Persistent identifiers for local collections

That was the topic discussed recently by OCLC Research Library Partners metadata managers, initiated by Jackie Shieh of George Washington University, Naun Chew of Cornell and Dawn Hale of Johns Hopkins University. Information professionals want to repurpose, present and connect the data they have created and curated from century-old standards and practices by publishing library metadata in the linked data framework. Recent linked data efforts have highlighted the importance of identifiers— a unique alphanumeric string associated with a digital object and resolvable globally over networks via specific protocols that is unambiguous to use, find, and identify the resource. Local identifiers cannot be shared or re-used. We need identifiers to be unchanging over time, and independent of where the digital object is or will be stored, that is, “persistent”. Persistent identifiers help collections become accessible globally, as they can be used, shared and re-used.

The practice for assigning identifiers has been inconsistent. Focus group members noted that maintaining identifiers and losing semantics when mapping one identifier system to another as particular challenges.

Identifiers for “works” has been problematic, as there is no consensus on what represents a distinct work. Two different workflows were mentioned: 1) find an OCLC work ID and add it to the local record and 2) use local algorithms to cluster records in the local catalog, assign a local identifier, and then match that ID with external sources such as the OCLC work ID.

The discussions were wide-ranging, but tended to focus on identifiers for personal names over other types of entities. The desire to present a comprehensive compilation of scholarly output on faculty profile pages has prompted a number of research libraries to roll out ORCIDs (Open Researcher and Contributor ID) for their faculty. ORCID is seen as a way to address the big gap that currently exists in the LC/NACO and other national authority files that do not customarily include authors of journal articles and other scholarly output. Authority files are used only within the library domain. Funding agencies have begun to require ORCIDs as part of the submission process. Few felt that current authority workflows would scale to cover all an institution’s researchers; some journal articles may have several hundred different “authors” listed from multiple countries. Some researchers are reluctant to use any identifier they are not already using. Faculty can be sensitive about keeping their data private and the potential of “surveillance” or “Big Brotherism” by their institution. Automated ways of comparing faculty output can be seen as threatening.

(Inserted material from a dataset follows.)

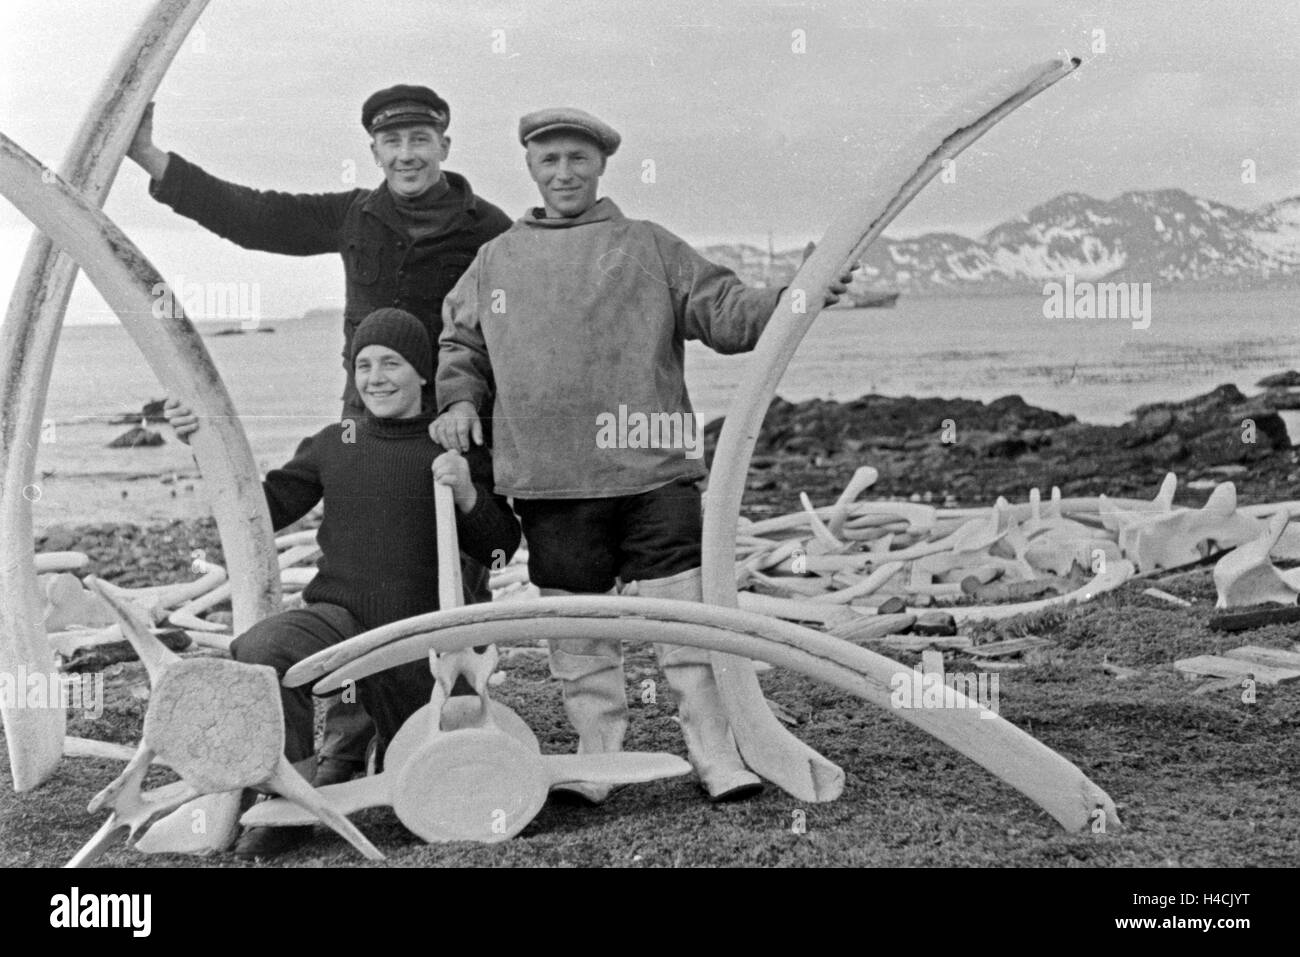 Drei Männer der Besatzung des Walfangfabrikschiffs 'Jan Wellem' mit Walfischknochen am Ufer der Insel - Stock Image

Some outstanding issues with name identifiers:

Some researchers already have a half-dozen or more ORCIDs as well as other identifiers.
Skeletal entries make it difficult to determine whether they represent the same or different people.
ORCID relies on self-registration, so the deceased are not covered. To be comprehensive, more than one identifier system is needed.
There’s an emerging need for a name reconciliation service that can link multiple identifiers representing the same person.
For identifiers registered through VIVO, it’s unclear what happens when the person moves to a new institution, retires or dies.
Libraries’ data suppliers and system vendors need to support persistent identifiers.

Identifiers for organizations are even more complex than those for persons, as organizations can merge, split, acquire other organizations, have multiple hierarchies, change locations, etc. The Representing Organizations in ISNI Task Group is documenting these issues and recommending some ways to better represent organizations with International Standard Name Identifiers (ISO 27729). These identifiers are important to accurately reflect researchers’ affiliations so that institutions can compile and report their scholarly output easily. Digital Science’s newly released GRID (Global Research Identifier Database) includes ISNI identifiers and maps institutions through GeoNames. GRID is seen as a way to help facilitate linking and promoting the work of the organization.

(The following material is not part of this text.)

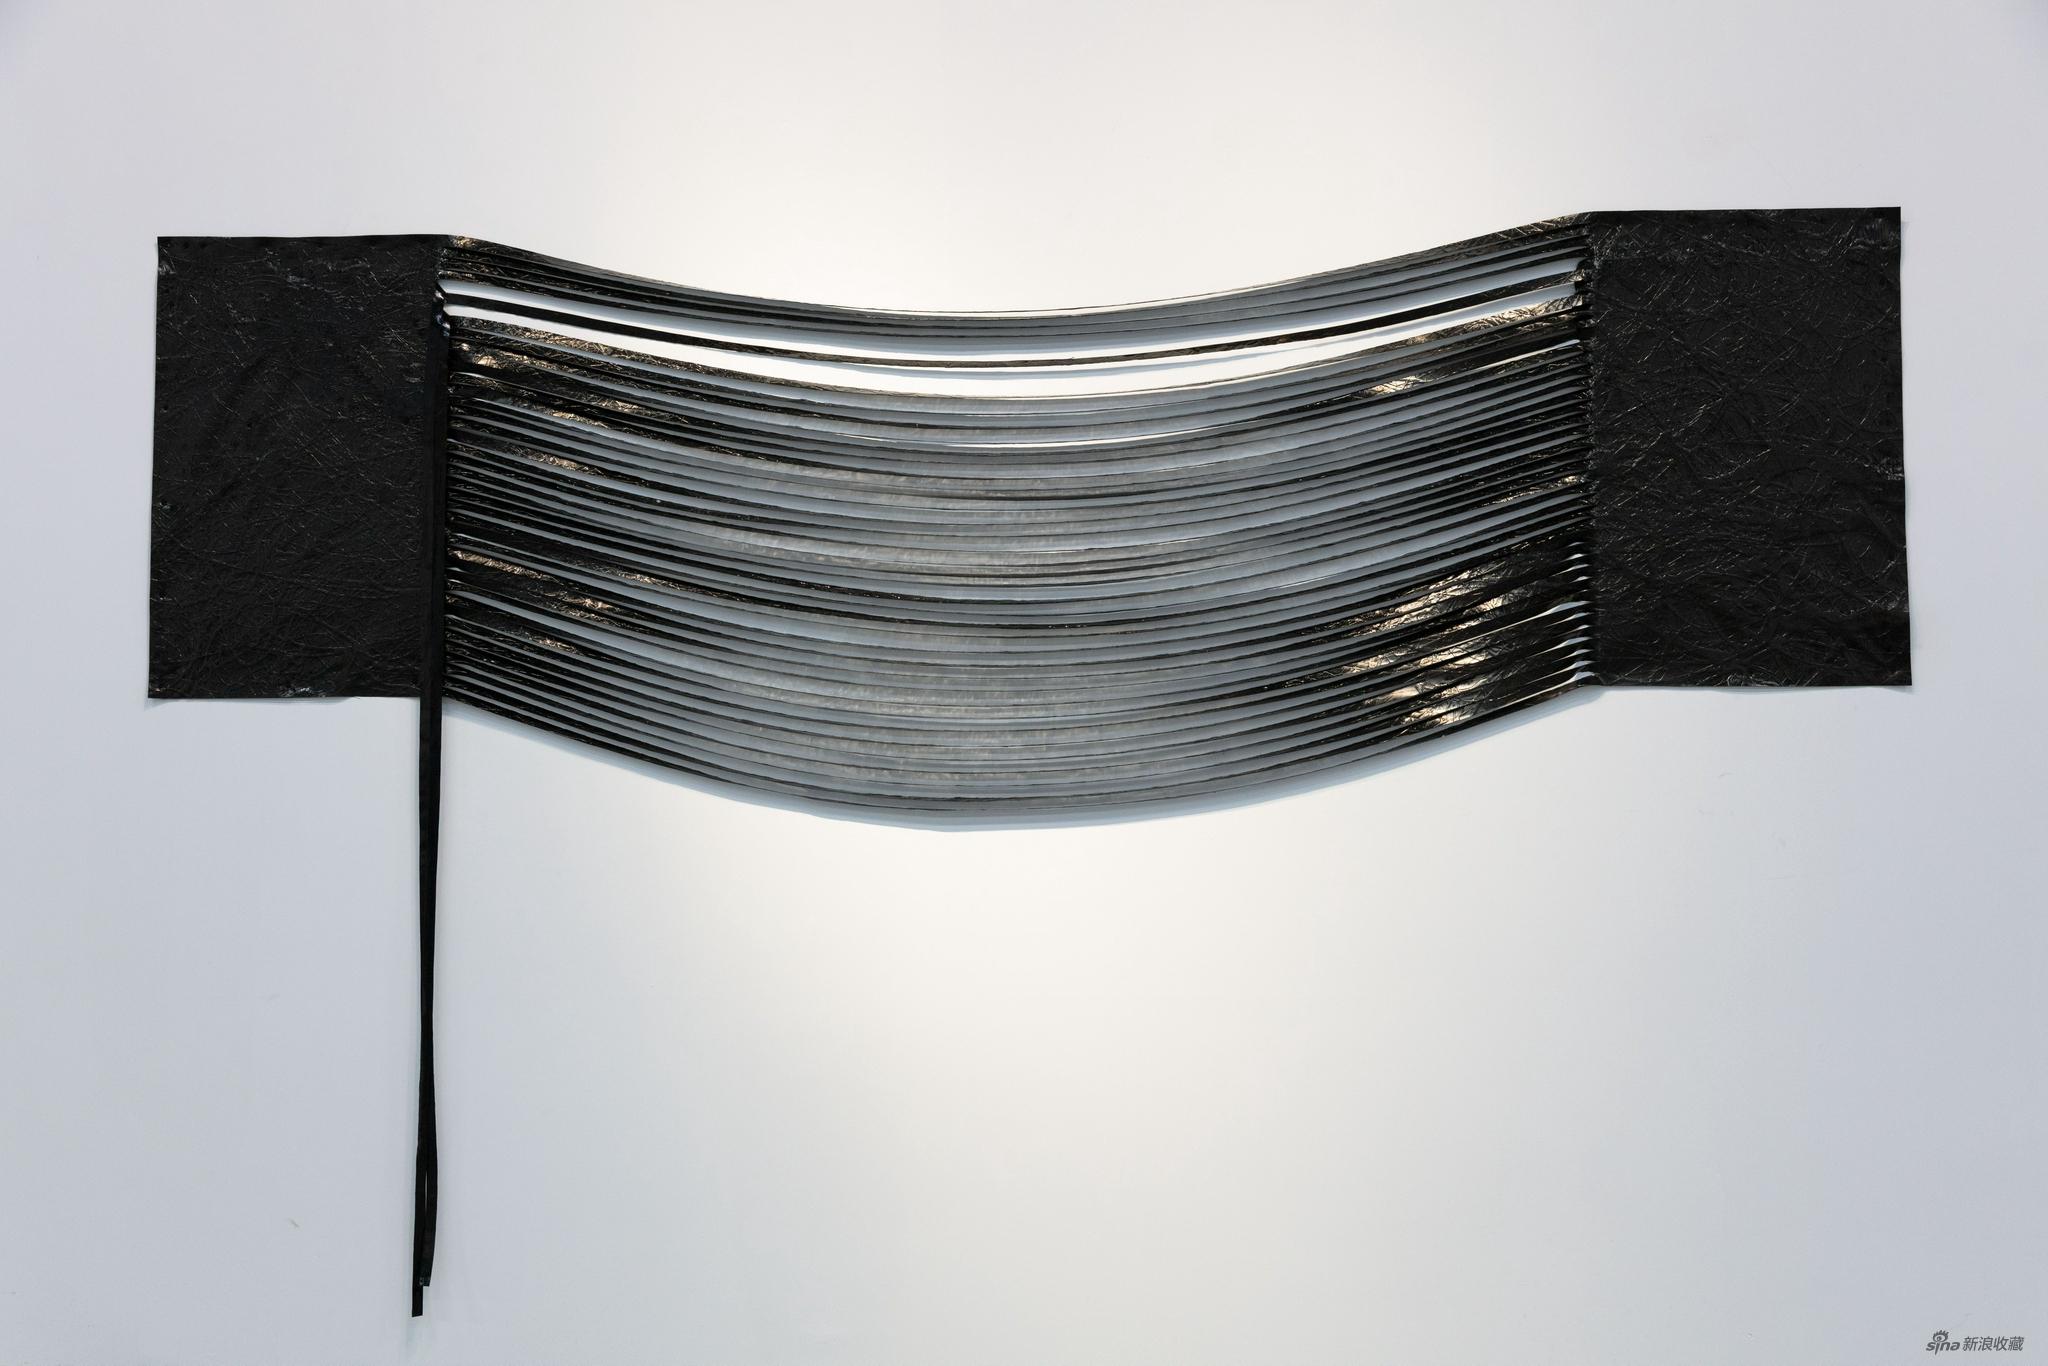 陈锦潮 《垂直的协调》 墨、综合材料、铁钉 300×80cm 2015

Identifiers for data sets such as digital resources and collections in institutional repositories include system-generated IDs, locally-minted identifiers, PURL handles, DOIs (Digital Object Identifiers), URIs, URNs and ARKs (Archival Resource Keys). Some are using DataCite to mint and publish DOIs. Resources can have both multiple copies and versions and change over time. Institutional repositories used as collaborative spaces can lead to multiple publications from the same data sets. Libraries want to be able to link related pieces such as preprints, supplementary data and images with the publication. Multiple DOIs pointing to the same object pose a problem. Some libraries are considering using the EZID created by the California Digital Library to mint and publish unique, long-term identifiers and thus minimize the potential for broken citation links. Ideally, libraries would contribute to a hub for the metadata describing their researchers’ data sets regardless of where the data sets are stored.

Karen Smith-Yoshimura

Karen Smith-Yoshimura, senior program officer, topics related to creating and managing metadata with a focus on large research libraries and multilingual requirements. Karen retired from OCLC November 2020.